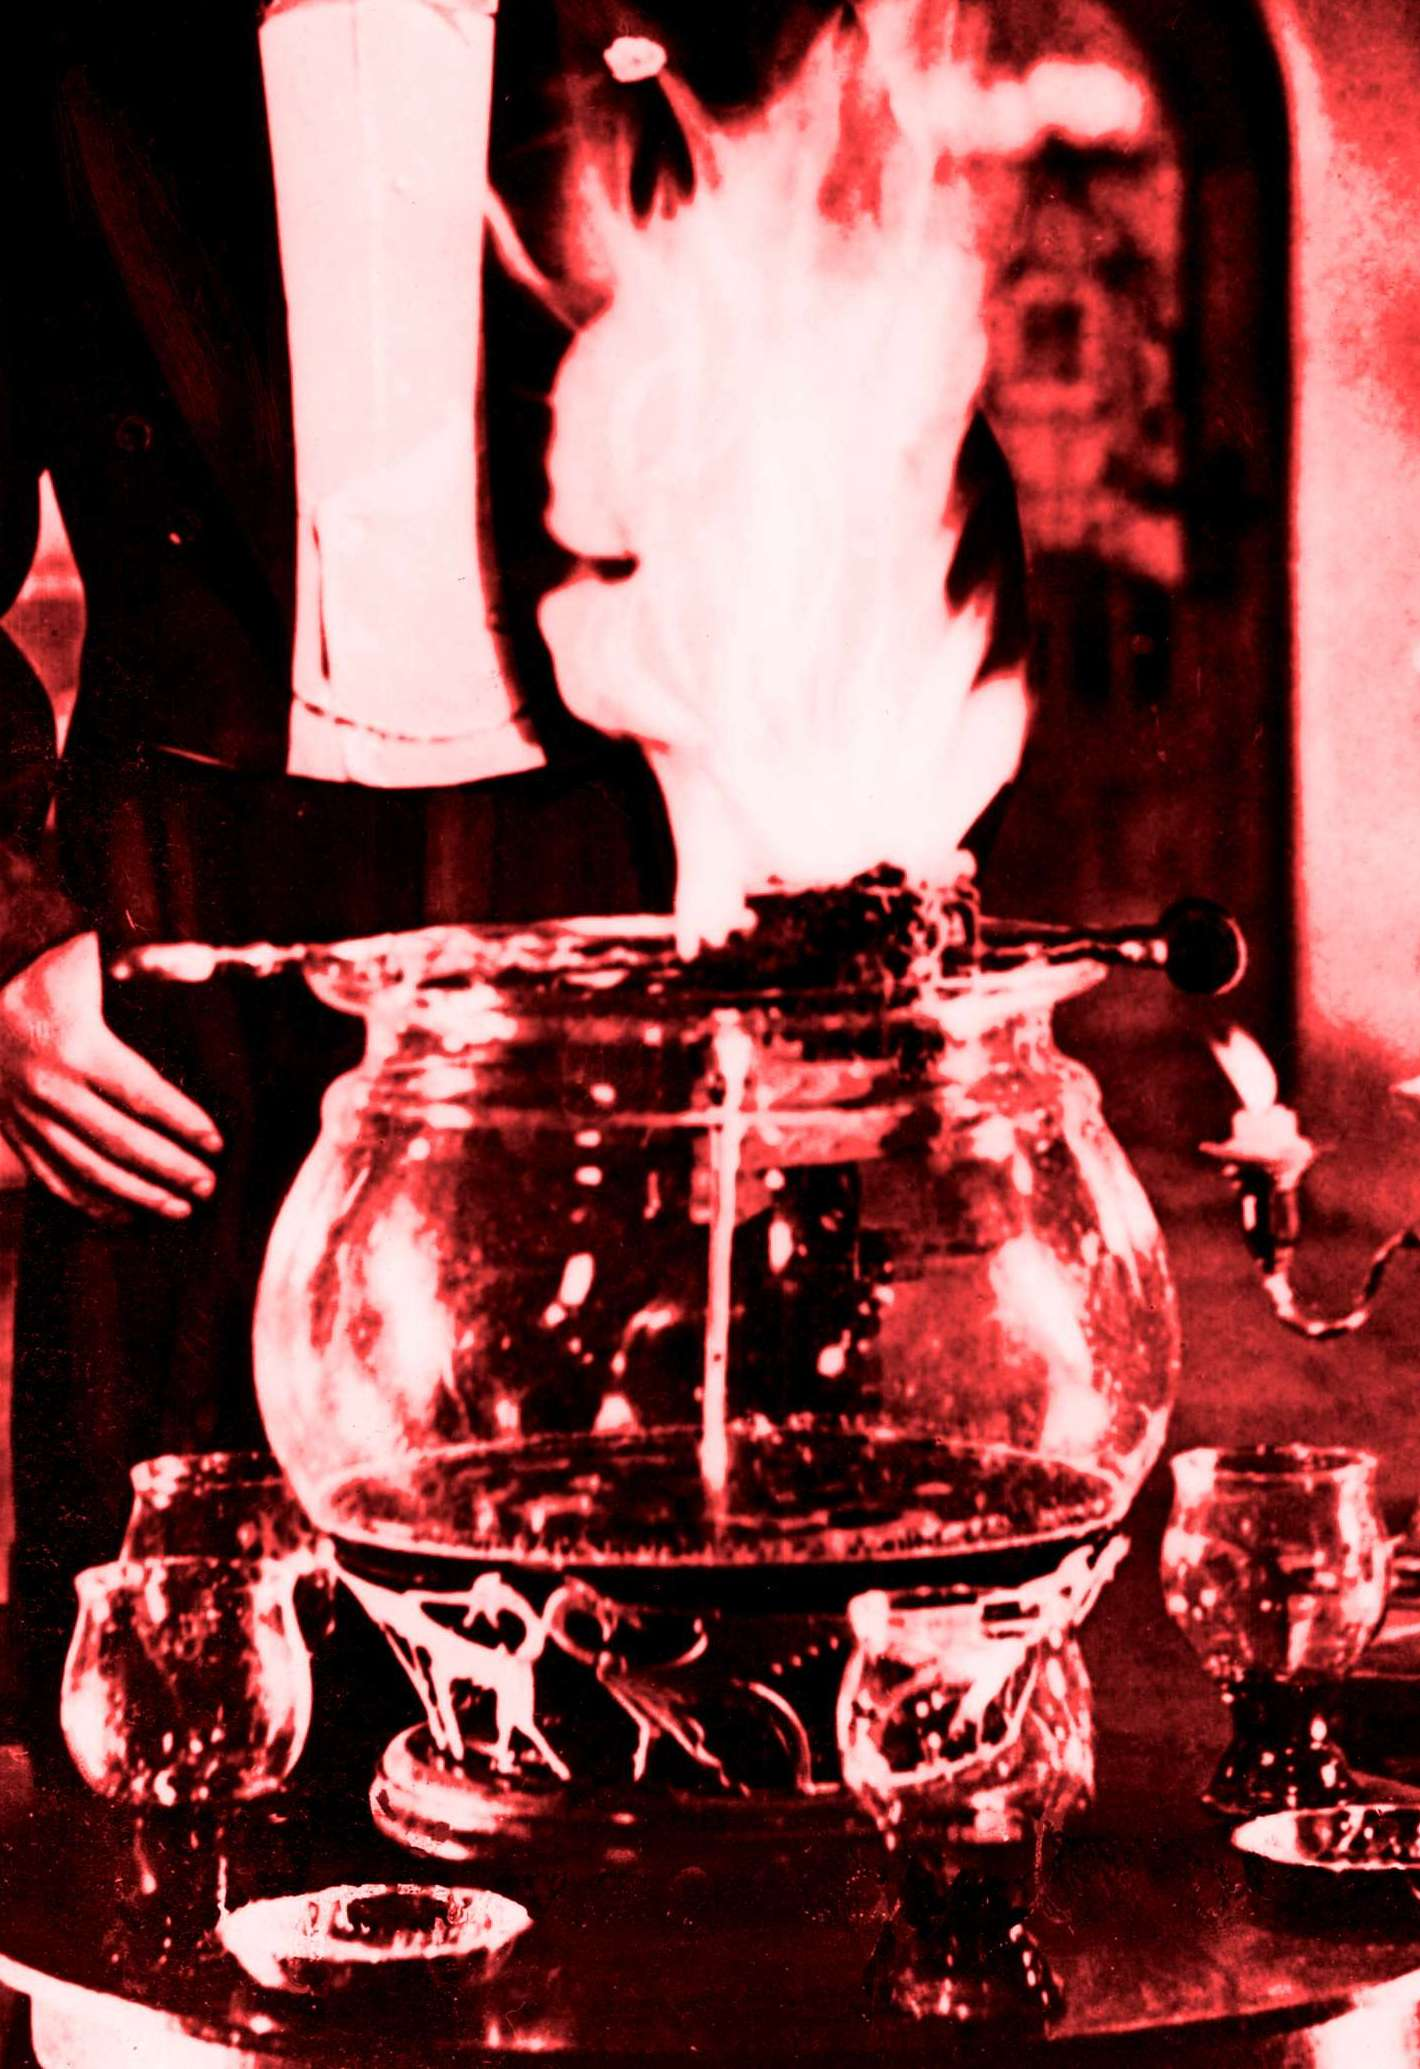 Feuerzangenbowle | Die Delikaten
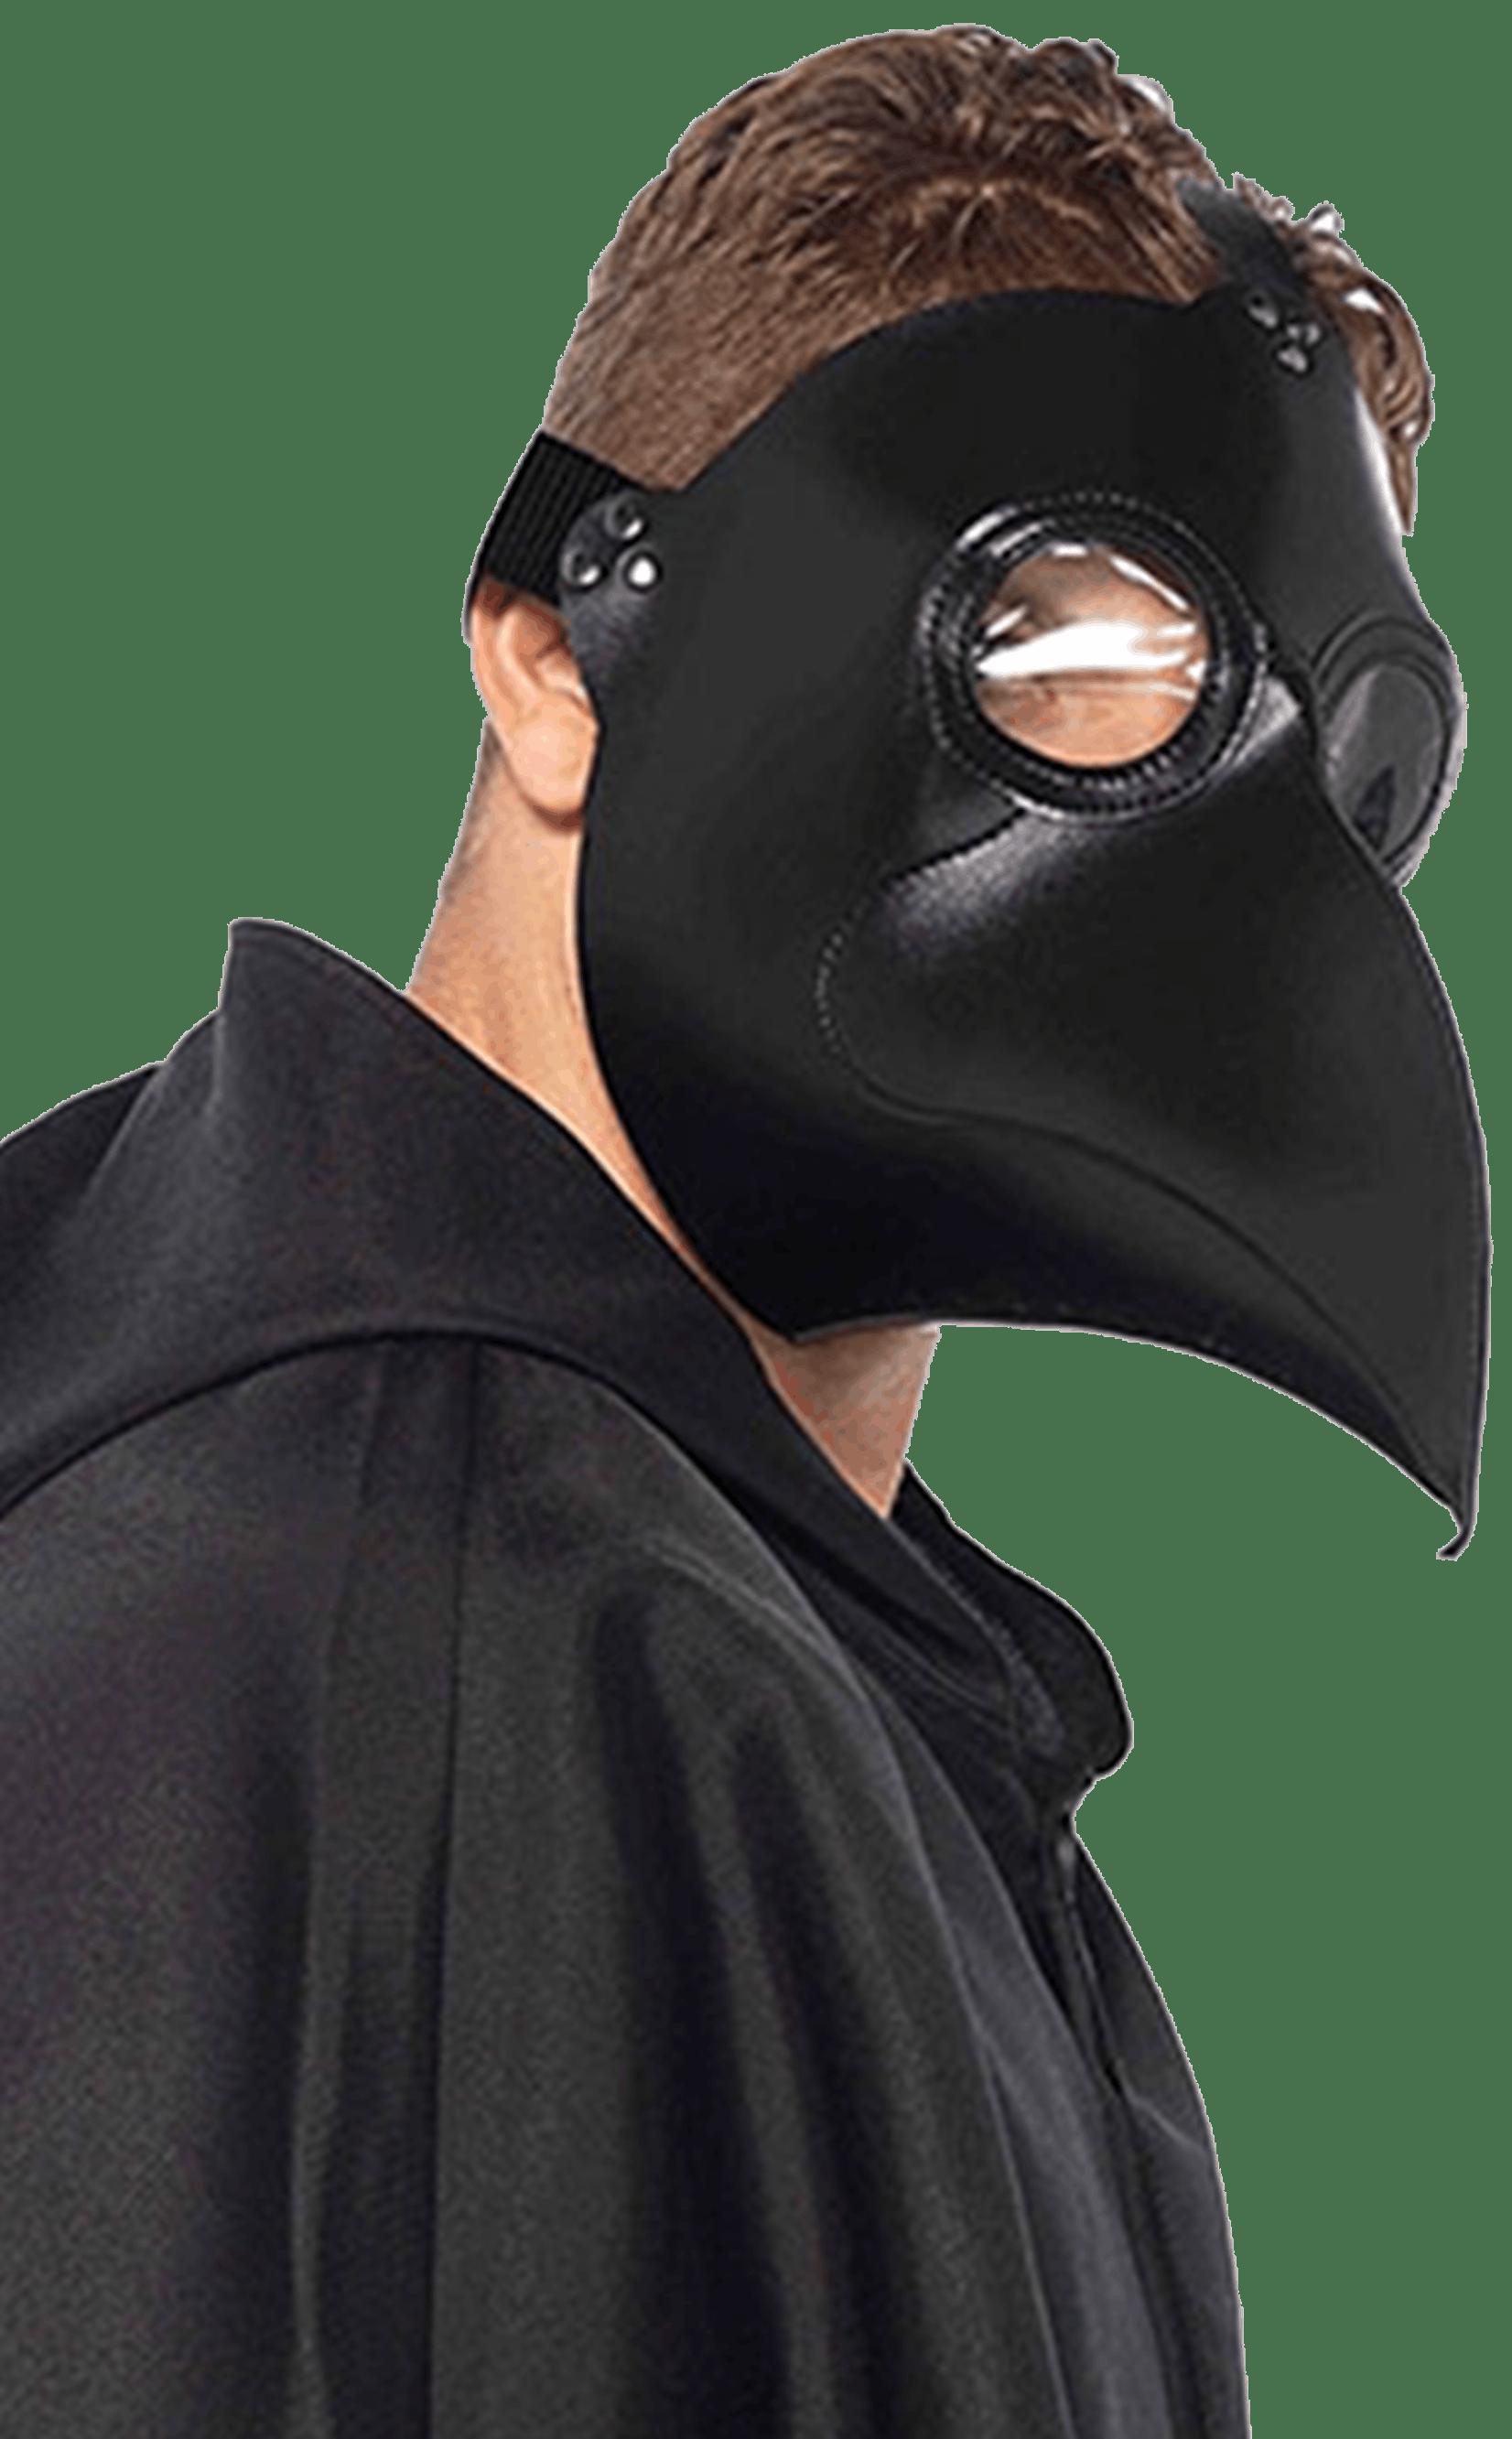 Plague Doctor Facepiece Accessory
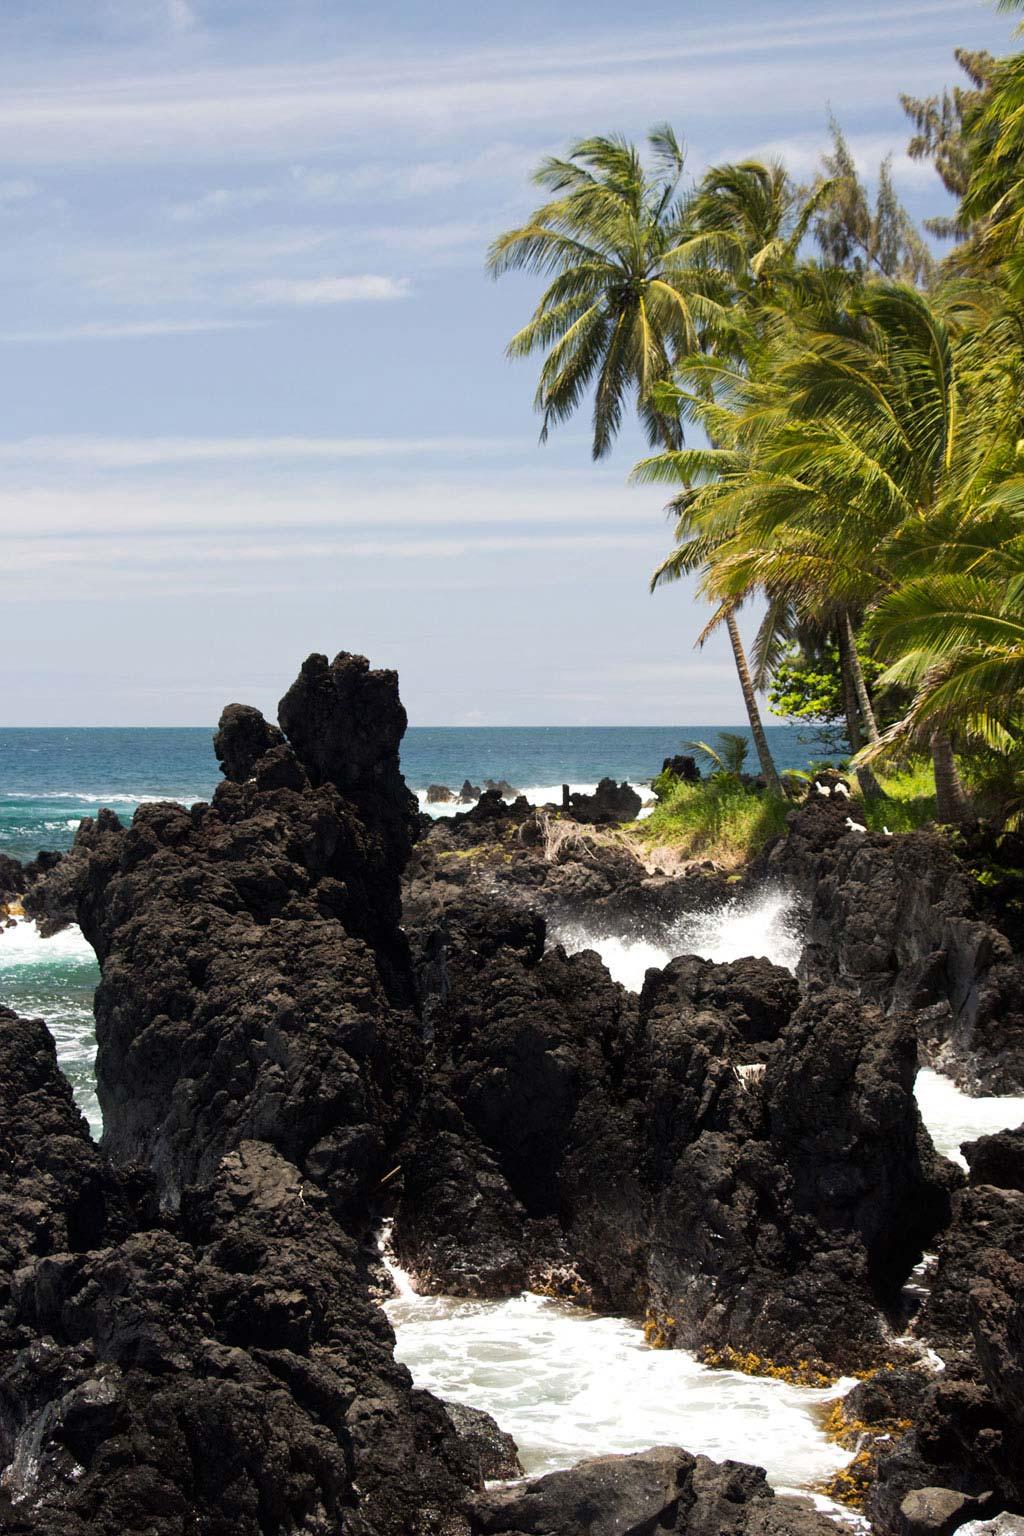 Maui Hawaii – Keanae Peninsula schwarze Felsenbucht am Meer | SOMEWHERE ELSE

▶ **What to produce**
Each of the lines above should be transcribed exactly; no image is to be copied.

▶ **Exercise answer**
 Feuerzangenbowle | Die Delikaten
 Plague Doctor Facepiece Accessory
 Maui Hawaii – Keanae Peninsula schwarze Felsenbucht am Meer | SOMEWHERE ELSE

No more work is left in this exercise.